Pink Eyes in the Classroom: A Serious Problem

We can try really hard to maintain a high standard for hygiene. But, when exposed to viruses and bacteria, only few will remain resistant. This is especially the case with students. They spend so much time closed in the classroom with others, avoiding all those germs is basically impossible.

So, even if you’re the most careful and clean person, you can still get pink eyes. This is one common eye infection among students of all ages, also known as conjunctivitis.

Causes of Pink Eye

Pink eye or Conjunctivitis is an inflammation of the transparent, thin layer of the eye tissue. This tissue covers your eye or, more specifically, its white part. The white part of the eye is called the conjunctiva. Ergo, the term for pink eye. 

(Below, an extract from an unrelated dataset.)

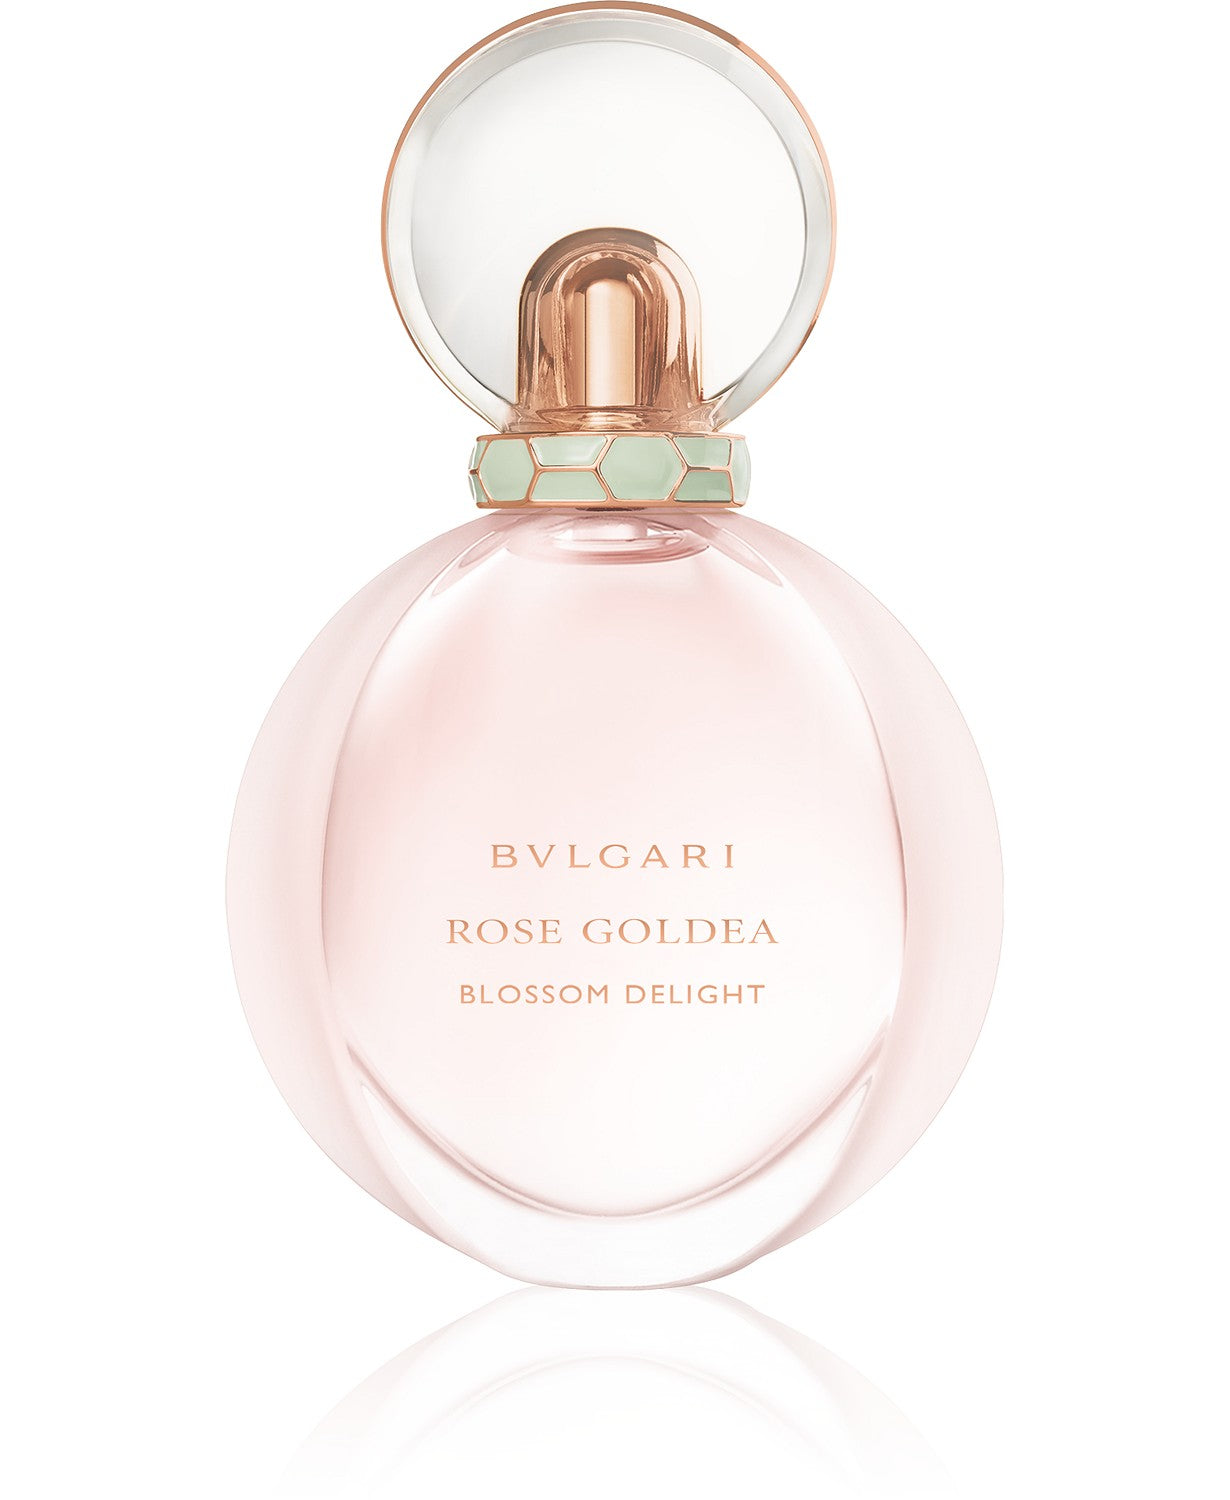 BVLGARI Rose Goldea Blossom Delight 2.5 oz Eau De Parfum Spray

This infection can affect one eye or both of them. For a student, it can be the worst nightmare, especially if it occurs during exam sessions or when they have to write a paper. In fact, it is said that pink eye is one of the reasons why students go online and find dissertation writing help. It prevents them from doing just about anything, especially since most of the written work done today includes the use of a desktop.

Depending on the reason why you got pink eye in the first place, the infection can spread really fast and be highly contagious. It is usually in mild form. However, if left untreated, it can become much more severe. 

Typically, conjunctivitis is bacterial or viral. Both these are contagious, but the viral option spreads much faster between people. In the case with students that are in constant contact with each other, this can make a serious damage to the effectiveness and health of the entire classroom.

Bacterial vs. Viral Conjunctivitis

Bacterial conjunctivitis occurs as a result of a strep or staph infection in the eye of the patient. This infection often originates in the respiratory system and is further spread through contact with other people. Only touching another person exposes you to the infection. Also, you may get the infection by sharing some cosmetic products that are contaminated, as well as utensils, glasses, and other objects. 

Not washing the hands frequently, improperly cleaning the contact case or lenses, and other irresponsible behavioral patterns can also be the cause of bacterial conjunctivitis. 


Viral conjunctivitis is the more dangerous and easily spread of the two. It can be caused by viruses or even the common cold. These spread fast and readily, which makes the infection even more likely to reach people through coughing, sneezing, or simply direct contact. 

In the case of viral conjunctivitis, washing the hands is once again, the best measure you can take. You can also get infected by it if your eyes are exposed to allergens and chemicals. However, in this case, the infection won’t be contagious.

Pink Eye Symptoms

As you probably assume by hearing the name, the main symptom of these infections are pink eyes. But, in addition to this easily visible symptom, there are other things that accompany the infection:

  • Itching and burning in the affected eye/eyes
  • A feeling as if you have a foreign body in the eye/eyes
  • Discharge or pus coming from the eye/eyes
  • Eyelid swelling
  • Light sensitivity increase
  • Excessive tearing

How Can You Treat this Problem

Pink eye is not a grave medical issue unless you avoid treating it. However, having this infection is a really big inconvenience, especially if you have to meet a deadline, read or study. Because of it, you should schedule an appointment with an eye doctor immediately when you experience any of the symptoms above. 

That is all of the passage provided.